Балагуры надрываются, зазывают народ на представление:
Эй, люди добрые!
Молодцы хорошие.
Молодки пригожие!
Не гнушайтесь — заходите.
На потеху поглядите!
Оно и верно, что на масленице
Веселее, чем на страстной пятнице!
Однако же и на святках потеха,
Животы надорвёте от смеха...
— Ой, Настя! — шепчет Грунька, цепляясь за Настин рукав. Боязно ей в такой сутолоке от Насти отстать. — Давай в балаганы сходим? Чего там посмотрим?
Настя объясняет: как же они пойдут? Деньги платить надо за смотрение.
— Так у нас с тобой припасены копеечки, — не отстаёт Грунька. — Дед ведь дал...
— Моя копеечка — заветная! На одно дело отложенная...
А навстречу идёт пирожник. Горячие пироги тащит. И этот народ зазывает, кричит на всю площадь:
Эй, кому с пылу, с жару,
На копейку — пару!
Груньке и пирогов охота отведать.
— Ой, Настенька, давай на мою копеечку купим? Тебе — пирог, мне — пирог... Может, они с зайчатиной?!
Но Настя тянет Груню дальше.
— Глядите-ка, глядите!

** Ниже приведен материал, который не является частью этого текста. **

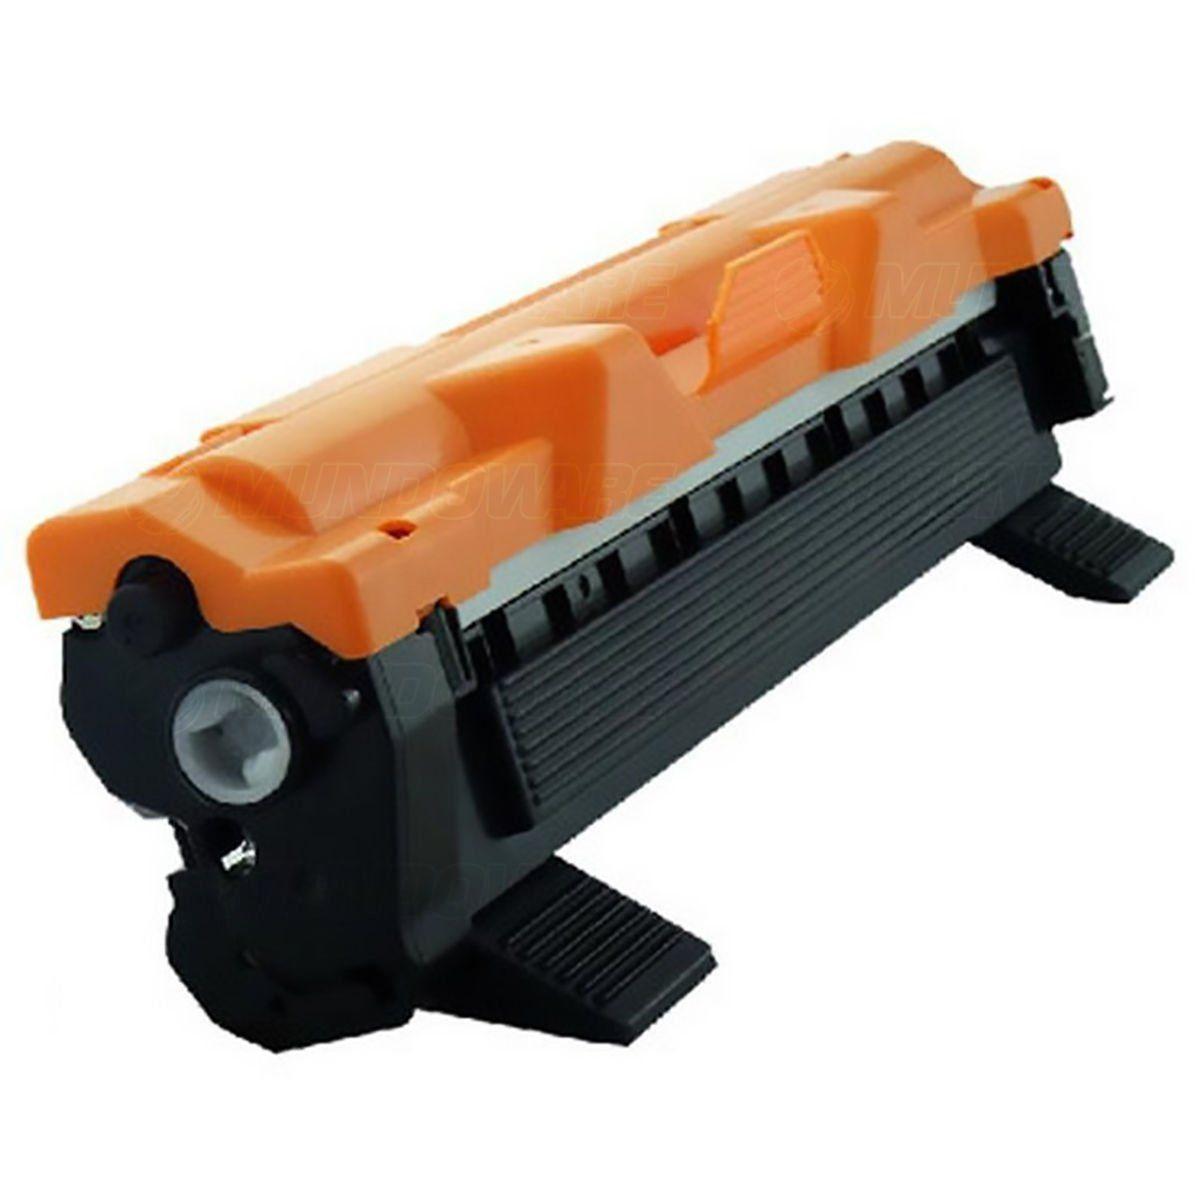 Compatível: Toner para Brother HL-1212w HL-1212 HL-1202 HL-1210w HL1212w HL1212 HL1202 HL1210w HL1210 / Preto / 1.000

Куклы какие — вот умора!
Они остановились перед высокой ширмой и глаз не могут отвести.
А из-за ширмы видно — поверху Петрушка со своей женой Пегасьей пляшут. На нём кафтан полосатый, колпак с бубенцами... А нос — что твой огурец, только красный.
Вот где веселье так веселье!
А Петрушка кончил плясать и давай гнусавить на всю площадь тонким-претонким голосом;.

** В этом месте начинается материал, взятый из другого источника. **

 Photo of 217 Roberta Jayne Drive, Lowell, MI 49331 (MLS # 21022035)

Жену мою Пегасью видали ль?
Вести про нас с ней слыхали ль?
Мы хоть и не богаты,
Да у нас носы горбаты.
И хоть с виду мы не пригожи,
Да не носим на себе рогожи.
Три дни мы надувалися,
Три дни в танцевальные башмаки обувалися,
Три дни в колпаки с пером одевалися...
Потом Пегасья прыгнула вниз, а вместо нее — цыган с лошадью. Тут совсем потеха пошла. Петрушка начал с цыганом за лошадь торговаться...
Настя до упаду смеялась. Мороз стоит трескучий, а ей впору хоть платок с себя скинуть — до того жарко.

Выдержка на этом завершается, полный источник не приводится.